## Bar Chart: Model Performance Comparison (MBPP vs Human Evaluation)
### Overview
The image presents a comparative bar chart analyzing the performance of language models across different sizes (0.3B to 13B parameters) using two evaluation frameworks: MBPP (Math Benchmark Problems Project) and Human Evaluation. The chart uses vertical bars with positive/negative values to represent performance deviations from a baseline, with green bars indicating MBPP results and orange bars representing Human Evaluation outcomes.
### Components/Axes
- **X-axis**: Model sizes (0.3B, 0.6B, 1.3B, 3B, 6.7B, 13B)

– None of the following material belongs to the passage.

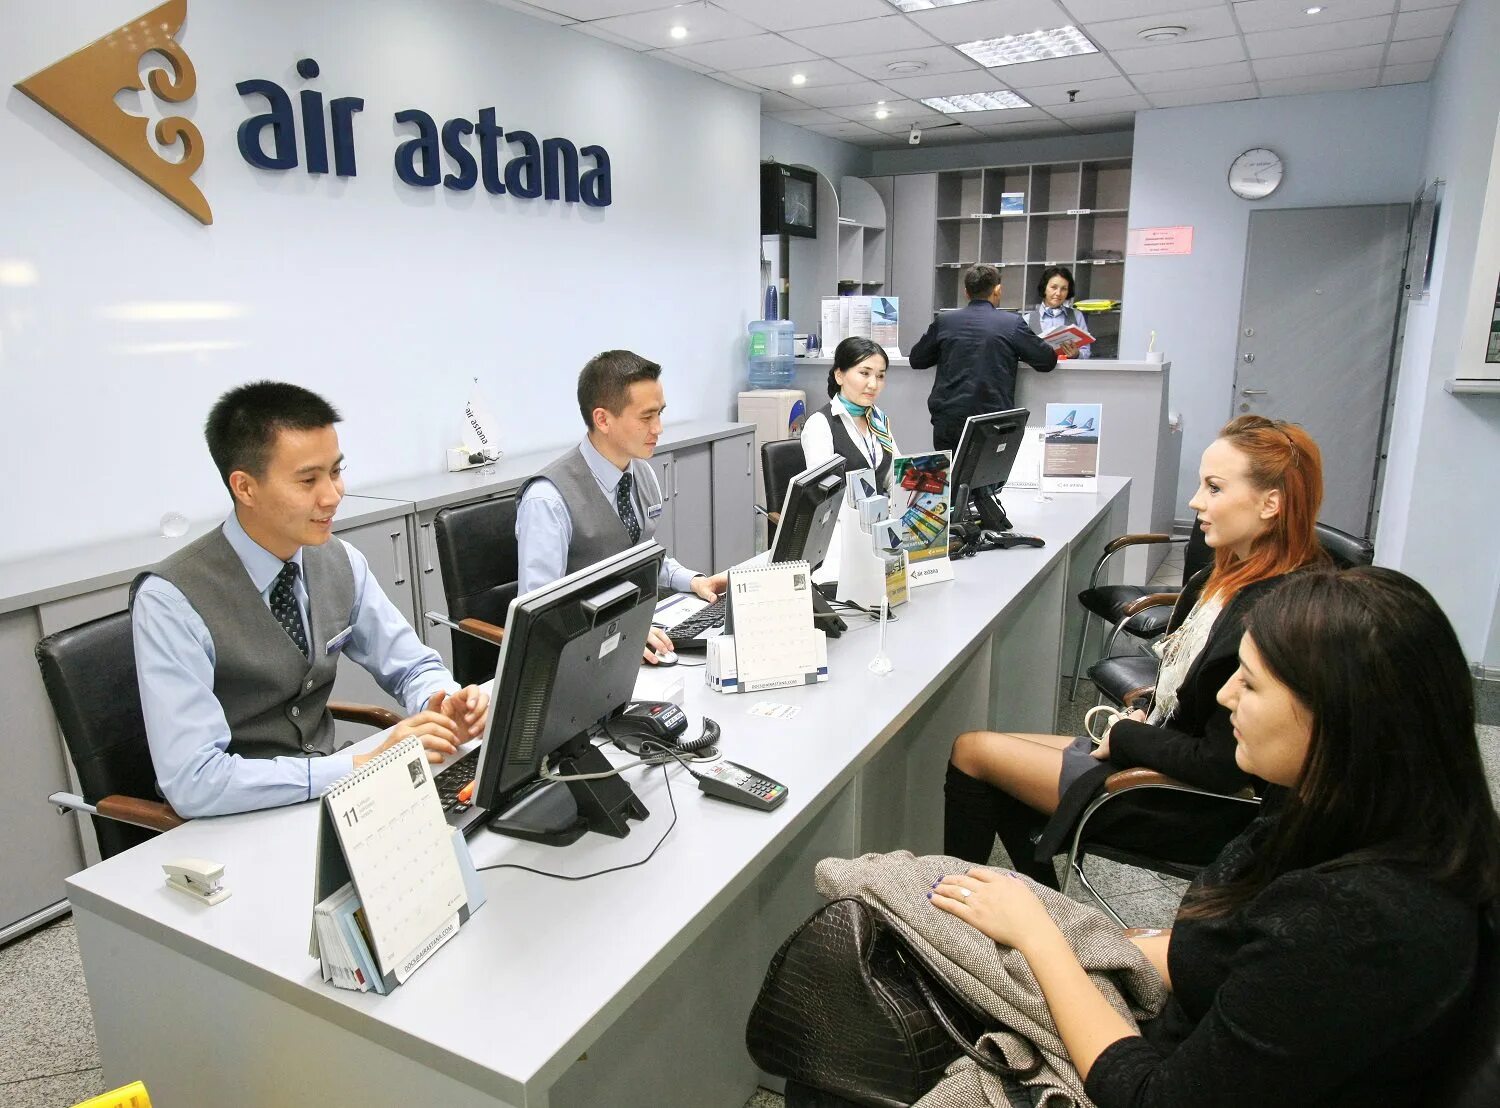 Воздух астана. Эйр Астана. Компания АИР Астана. Air Astana сотрудники. Офис Air Astana здание.
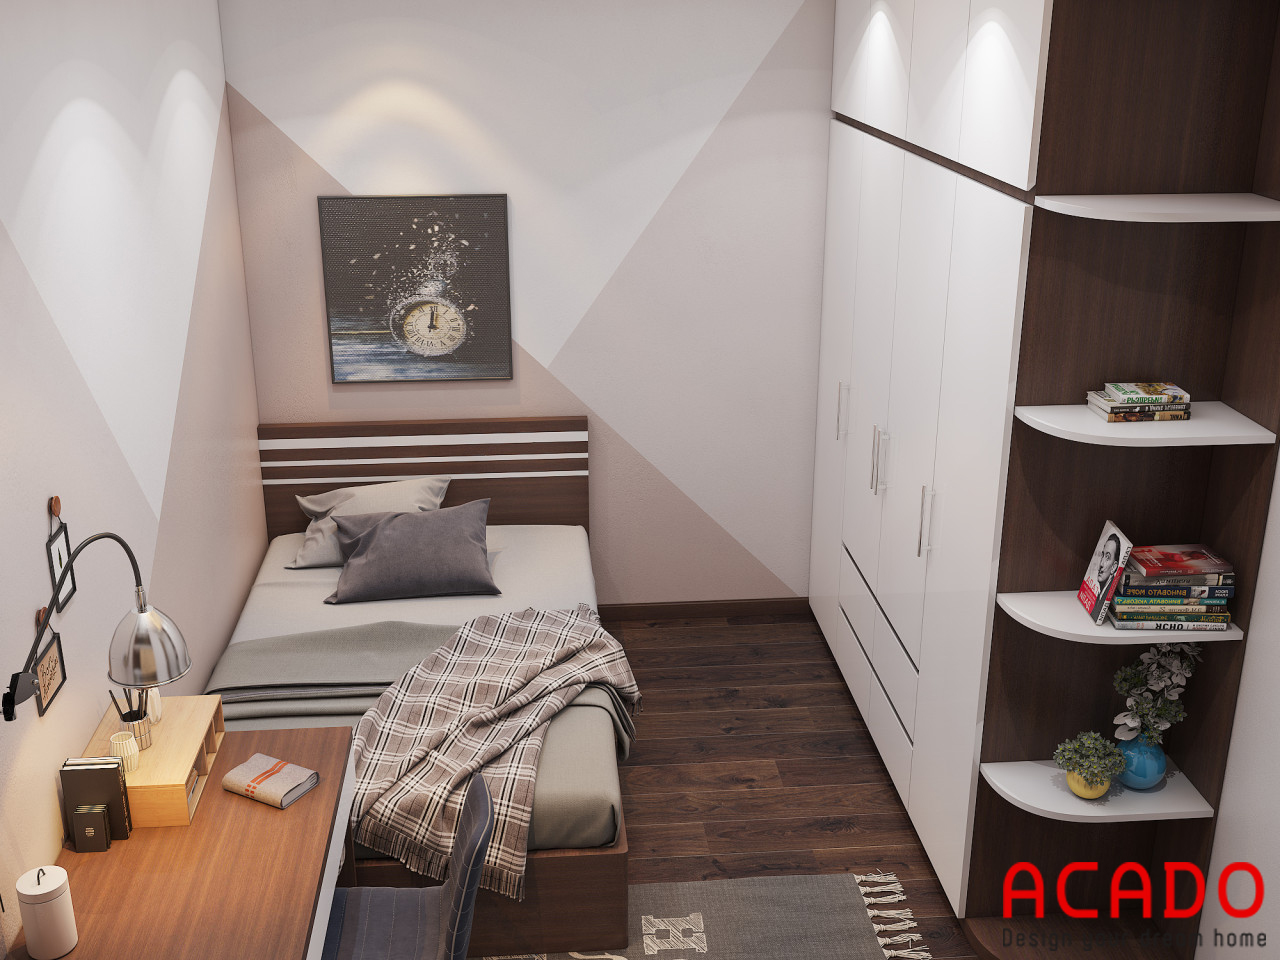 Phòng ngủ có diện tích hẹp nên ACADO chỉ thiết kế giường ngủ 1m2x2m để tiết kiệm không gian

- **Y-axis**: Performance metrics (Pass@1, Pass@10, Pass@100) with numerical deviations from baseline
- **Legend**:
- Green bars = MBPP
- Orange bars = Human Evaluation
- **Secondary Axis**: Numerical values above each bar (e.g., +4.5, -1.7)
### Detailed Analysis
#### MBPP Section (Left)
1. **Pass@1**:
- 0.3B: +4.5
- 0.6B: -1.7
- 1.3B: +3.9
- 3B: -5.4
- 6.7B: +2.2
- 13B: -9.8
2. **Pass@10**:
- 0.3B: +2.5
- 0.6B: -1.7
- 1.3B: +3.9
- 3B: -5.4
- 6.7B: +2.2
- 13B: -9.8
3. **Pass@100**:
- 0.3B: +4.5
- 0.6B: -1.7
- 1.3B: +3.9
- 3B: -5.4
- 6.7B: +2.2
- 13B: -9.8
#### Human Evaluation Section (Right)
1. **Pass@1**:
- 0.3B: +1.7
- 0.6B: -0.6
- 1.3B: +5.0
- 3B: -1.0
- 6.7B: +7.5
- 13B: -2.3
2. **Pass@10**:
- 0.3B: +1.7
- 0.6B: -0.6
- 1.3B: +5.0
- 3B: -1.0
- 6.7B: +7.5
- 13B: -2.3
3. **Pass@100**:
- 0.3B: +1.7
- 0.6B: -0.6
- 1.3B: +5.0
- 3B: -1.0
- 6.7B: +7.5
- 13B: -2.3
### Key Observations
1. **Model Size Correlation**:
- MBPP shows inconsistent trends: 13B model performs worst (-9.8), while 0.3B has highest gain (+4.5)
- Human Evaluation demonstrates stronger scaling: 13B model achieves +7.5 (Pass@100) vs 0.3B's +1.7
2. **Framework Differences**:
- MBPP exhibits higher volatility: 6.7B model shows +2.2 (Pass@1) vs -9.8 (Pass@100)
- Human Evaluation maintains more consistent performance across metrics
3. **Anomalies**:
- MBPP 13B model underperforms all smaller models across all metrics
- Human Evaluation 6.7B model shows strongest performance (+7.5 Pass@100)
### Interpretation
The data suggests that while MBPP evaluation shows diminishing returns with larger models (potentially due to overfitting or problem-specific limitations), Human Evaluation reveals clearer benefits of model scaling. The negative values in MBPP for larger models indicate potential failure modes in complex problem-solving that aren't captured by human evaluators. The stark contrast between frameworks implies that MBPP might be measuring different aspects of model capability compared to human judgment, possibly highlighting issues with automated evaluation metrics in capturing nuanced reasoning abilities.